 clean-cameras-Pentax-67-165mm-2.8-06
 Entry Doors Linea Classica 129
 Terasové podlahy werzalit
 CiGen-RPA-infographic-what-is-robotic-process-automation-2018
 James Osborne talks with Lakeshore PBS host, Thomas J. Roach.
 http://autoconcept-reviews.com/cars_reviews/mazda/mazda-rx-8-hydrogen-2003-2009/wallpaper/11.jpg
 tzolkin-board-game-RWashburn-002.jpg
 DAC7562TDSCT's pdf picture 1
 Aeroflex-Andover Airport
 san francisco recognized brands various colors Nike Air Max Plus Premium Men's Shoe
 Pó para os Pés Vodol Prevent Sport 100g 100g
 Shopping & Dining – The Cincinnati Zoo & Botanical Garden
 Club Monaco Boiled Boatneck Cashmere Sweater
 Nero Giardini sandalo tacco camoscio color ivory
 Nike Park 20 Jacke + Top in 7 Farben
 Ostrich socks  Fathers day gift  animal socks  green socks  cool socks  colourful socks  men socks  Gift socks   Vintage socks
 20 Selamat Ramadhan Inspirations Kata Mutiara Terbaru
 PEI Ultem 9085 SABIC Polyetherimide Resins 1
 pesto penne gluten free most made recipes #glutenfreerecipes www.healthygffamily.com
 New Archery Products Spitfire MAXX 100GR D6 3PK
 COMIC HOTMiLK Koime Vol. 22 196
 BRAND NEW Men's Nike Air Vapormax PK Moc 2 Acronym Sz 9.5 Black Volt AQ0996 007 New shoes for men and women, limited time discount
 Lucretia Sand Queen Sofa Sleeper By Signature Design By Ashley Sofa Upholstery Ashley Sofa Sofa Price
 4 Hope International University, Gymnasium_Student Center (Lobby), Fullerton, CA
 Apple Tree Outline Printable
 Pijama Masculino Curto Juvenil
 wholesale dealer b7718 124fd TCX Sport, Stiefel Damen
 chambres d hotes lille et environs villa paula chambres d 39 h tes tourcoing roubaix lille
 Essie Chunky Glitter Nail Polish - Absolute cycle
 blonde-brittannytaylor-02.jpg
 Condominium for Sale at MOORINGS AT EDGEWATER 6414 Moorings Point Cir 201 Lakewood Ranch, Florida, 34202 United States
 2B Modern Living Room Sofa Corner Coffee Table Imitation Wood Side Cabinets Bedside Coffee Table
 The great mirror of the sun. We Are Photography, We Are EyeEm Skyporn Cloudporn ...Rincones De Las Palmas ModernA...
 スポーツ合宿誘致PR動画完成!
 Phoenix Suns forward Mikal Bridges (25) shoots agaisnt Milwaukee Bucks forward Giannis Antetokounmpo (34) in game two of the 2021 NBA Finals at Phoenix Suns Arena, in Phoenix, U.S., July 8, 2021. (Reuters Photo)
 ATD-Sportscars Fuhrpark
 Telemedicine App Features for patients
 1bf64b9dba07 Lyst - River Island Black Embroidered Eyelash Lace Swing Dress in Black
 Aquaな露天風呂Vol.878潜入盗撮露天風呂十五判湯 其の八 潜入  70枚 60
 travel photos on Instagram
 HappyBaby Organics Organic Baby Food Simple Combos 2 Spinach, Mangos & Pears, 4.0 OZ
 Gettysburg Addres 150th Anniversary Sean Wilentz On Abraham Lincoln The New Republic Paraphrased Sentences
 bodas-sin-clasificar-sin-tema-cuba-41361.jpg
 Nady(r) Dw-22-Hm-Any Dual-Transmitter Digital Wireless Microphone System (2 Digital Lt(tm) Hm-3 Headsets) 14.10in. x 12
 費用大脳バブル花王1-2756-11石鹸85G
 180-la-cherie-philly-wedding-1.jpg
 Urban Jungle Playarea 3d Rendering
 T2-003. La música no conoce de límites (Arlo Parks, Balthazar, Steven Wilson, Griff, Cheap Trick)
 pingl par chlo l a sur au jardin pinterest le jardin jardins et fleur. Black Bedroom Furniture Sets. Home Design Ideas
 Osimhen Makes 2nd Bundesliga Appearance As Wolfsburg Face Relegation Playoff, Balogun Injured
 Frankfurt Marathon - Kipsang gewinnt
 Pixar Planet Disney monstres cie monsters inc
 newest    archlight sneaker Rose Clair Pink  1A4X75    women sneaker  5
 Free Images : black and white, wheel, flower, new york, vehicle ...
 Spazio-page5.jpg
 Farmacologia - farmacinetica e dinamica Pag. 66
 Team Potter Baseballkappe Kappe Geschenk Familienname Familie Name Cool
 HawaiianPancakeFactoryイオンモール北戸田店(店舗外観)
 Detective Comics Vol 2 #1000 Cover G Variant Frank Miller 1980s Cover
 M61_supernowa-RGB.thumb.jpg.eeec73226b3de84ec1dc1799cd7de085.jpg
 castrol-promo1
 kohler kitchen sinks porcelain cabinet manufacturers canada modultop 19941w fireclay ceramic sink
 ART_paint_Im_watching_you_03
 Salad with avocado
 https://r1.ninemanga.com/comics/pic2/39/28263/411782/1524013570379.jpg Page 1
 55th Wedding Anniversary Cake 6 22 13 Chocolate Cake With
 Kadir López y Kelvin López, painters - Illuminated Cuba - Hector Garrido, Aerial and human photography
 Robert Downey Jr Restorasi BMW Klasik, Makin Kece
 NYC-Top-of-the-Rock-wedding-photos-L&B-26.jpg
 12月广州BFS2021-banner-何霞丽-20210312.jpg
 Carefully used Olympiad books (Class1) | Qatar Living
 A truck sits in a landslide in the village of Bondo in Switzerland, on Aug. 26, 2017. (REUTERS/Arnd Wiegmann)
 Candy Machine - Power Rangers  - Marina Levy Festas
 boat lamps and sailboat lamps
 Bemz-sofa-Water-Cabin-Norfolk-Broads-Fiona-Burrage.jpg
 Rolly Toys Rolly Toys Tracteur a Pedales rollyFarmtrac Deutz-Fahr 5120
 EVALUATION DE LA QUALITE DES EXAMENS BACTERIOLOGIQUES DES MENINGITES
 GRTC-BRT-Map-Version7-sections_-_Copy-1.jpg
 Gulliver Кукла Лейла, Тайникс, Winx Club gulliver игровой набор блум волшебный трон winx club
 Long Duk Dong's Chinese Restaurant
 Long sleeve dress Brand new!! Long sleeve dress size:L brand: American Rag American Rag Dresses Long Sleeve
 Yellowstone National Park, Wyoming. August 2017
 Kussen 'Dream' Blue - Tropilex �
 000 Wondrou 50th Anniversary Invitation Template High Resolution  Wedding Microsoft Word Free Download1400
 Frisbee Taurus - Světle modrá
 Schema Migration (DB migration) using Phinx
◇ ◇ ◇ ◇
- **Work to be completed**:
For the string "Design", show each line of the listing where it appears.

- **Solution for this problem**:
 Lucretia Sand Queen Sofa Sleeper By Signature Design By Ashley Sofa Upholstery Ashley Sofa Sofa Price
 pingl par chlo l a sur au jardin pinterest le jardin jardins et fleur. Black Bedroom Furniture Sets. Home Design Ideas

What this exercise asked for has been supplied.